We found the place a trampled mess and Joan in the kitchen, inspiringly topless, making scrambled eggs. When we asked where Pierre was she said, “He’s with Frank in Carmel.”
She wrote Frank’s address on a scrap of paper and Nathan and I set off hiking north along Highway One where not a single car went by in either direction for what seemed like hours. Finally a badly wheezing Datsun stopped for us and the longhaired driver asked, “You at Joan’s party last night? I can’t believe I missed it.”
He then gave us a vivid secondhand account of the party at which, his source reported, a renowned LSD chemist shared his finest with famous writers and musicians and everyone else, the mescaline was mythic, everyone had sex with everyone, and mass enlightenment ensued.
Our ride ended in Carmel Highlands from where we hitched into Carmel proper and called Nathan’s mother from a pay phone, her estimated arrival time four hours.
We had no trouble finding Frank’s house, but we had trouble with Frank. A sallow fellow with lank hair, he stood defiantly in his doorway proclaiming, “Pierre is ill and going to be living with me from now.” He explained that while tripping together, he and Pierre had discovered a deep cosmic affinity spanning many past and future lives.
Returning to central Carmel sans Pierre, Nathan and I were photographed by dozens of tourists who felt certain we two filthy teenagers with backpacks must be that new kind of human they’d heard so much about: the hippy.
Nathan’s mother arrived, we drove with her to Frank’s house, and when Frank tried to stop Nathan’s usually mild-mannered mom from rescuing Pierre, she shouted, “He’s fifteen!
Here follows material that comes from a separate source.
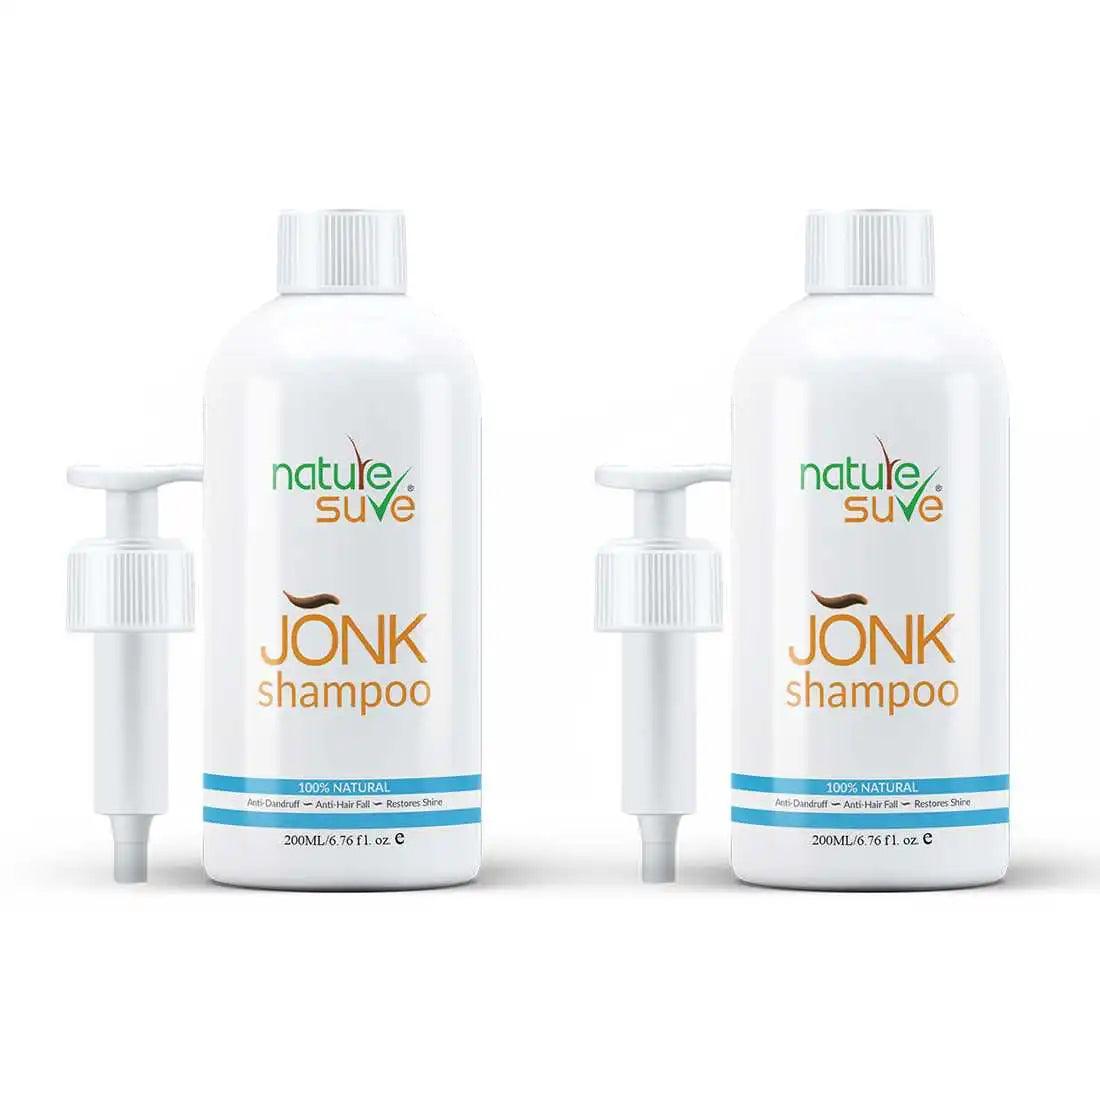 Nature Sure Jonk Shampoo Hair Cleanser for Men & Women - 200ml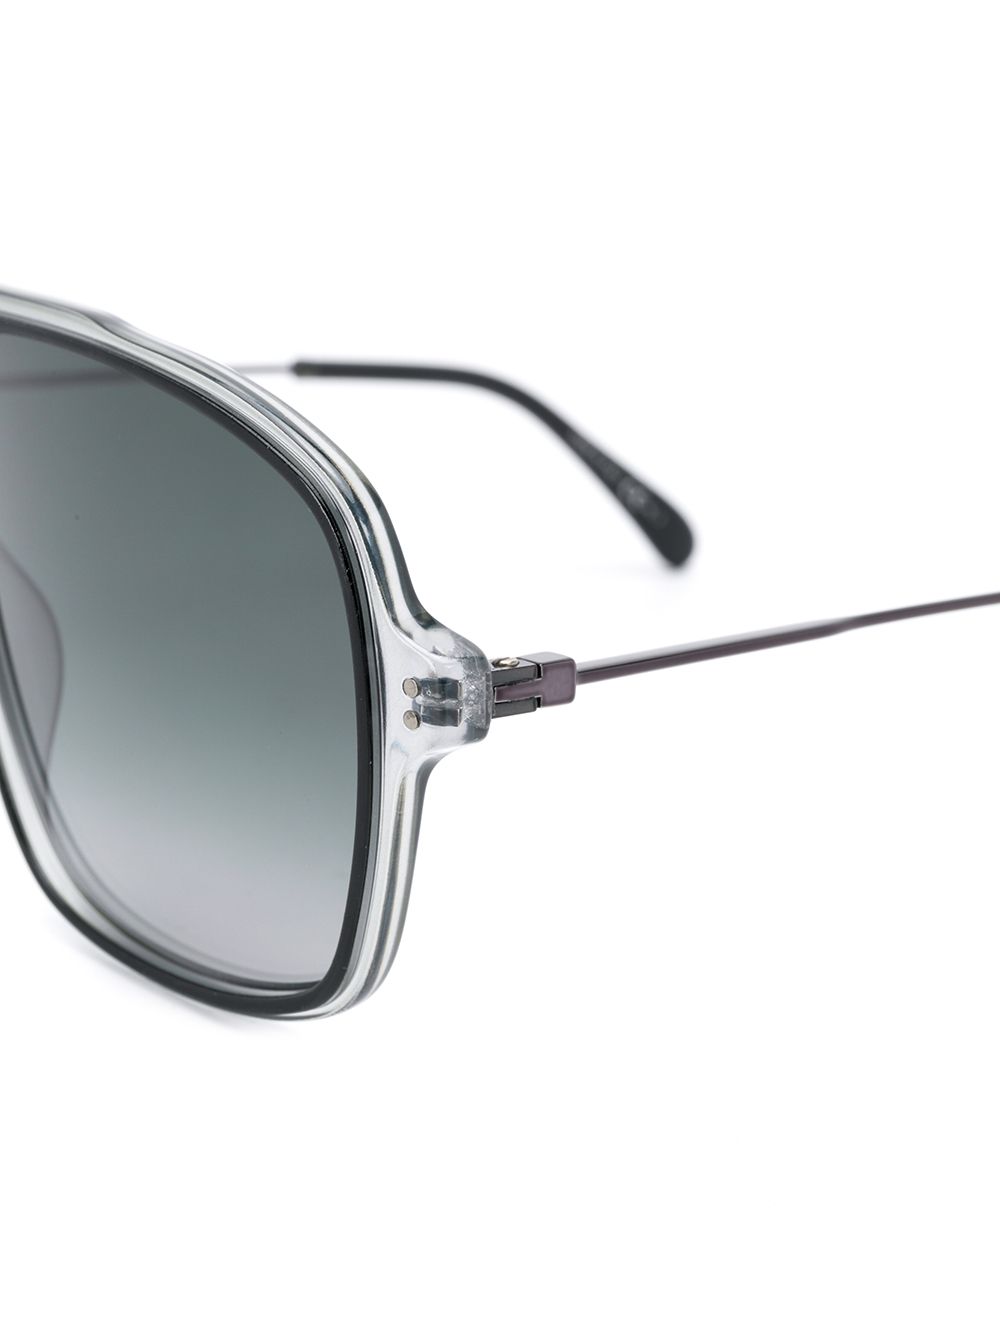 фото Givenchy eyewear солнцезащитные очки gv7138/s в прозрачной оправе

You want to go to prison for a very long time?”
So Frank allowed us to collect Pierre and we rode home with our comrade lying comatose in the back of the station wagon. Two days later, Pierre told me he remembered having sex with Sheila, but thereafter everything was a blur, which was probably a good thing.
Seven years later, in 1972, I told this story to a hippy guy from Big Sur. He knew Joan’s place by the name of which there is no record today, and he told me that party was now legend and considered by many people to be the Beginning of Everything.
Nowadays, circa 2015, most of the inhabitants of Carmel and Big Sur are wealthy non-hippies—the politically incorrect place names from olden times erased to expunge the grunge, and oh Kerouac was it ever grungy at Joan’s place in 1965.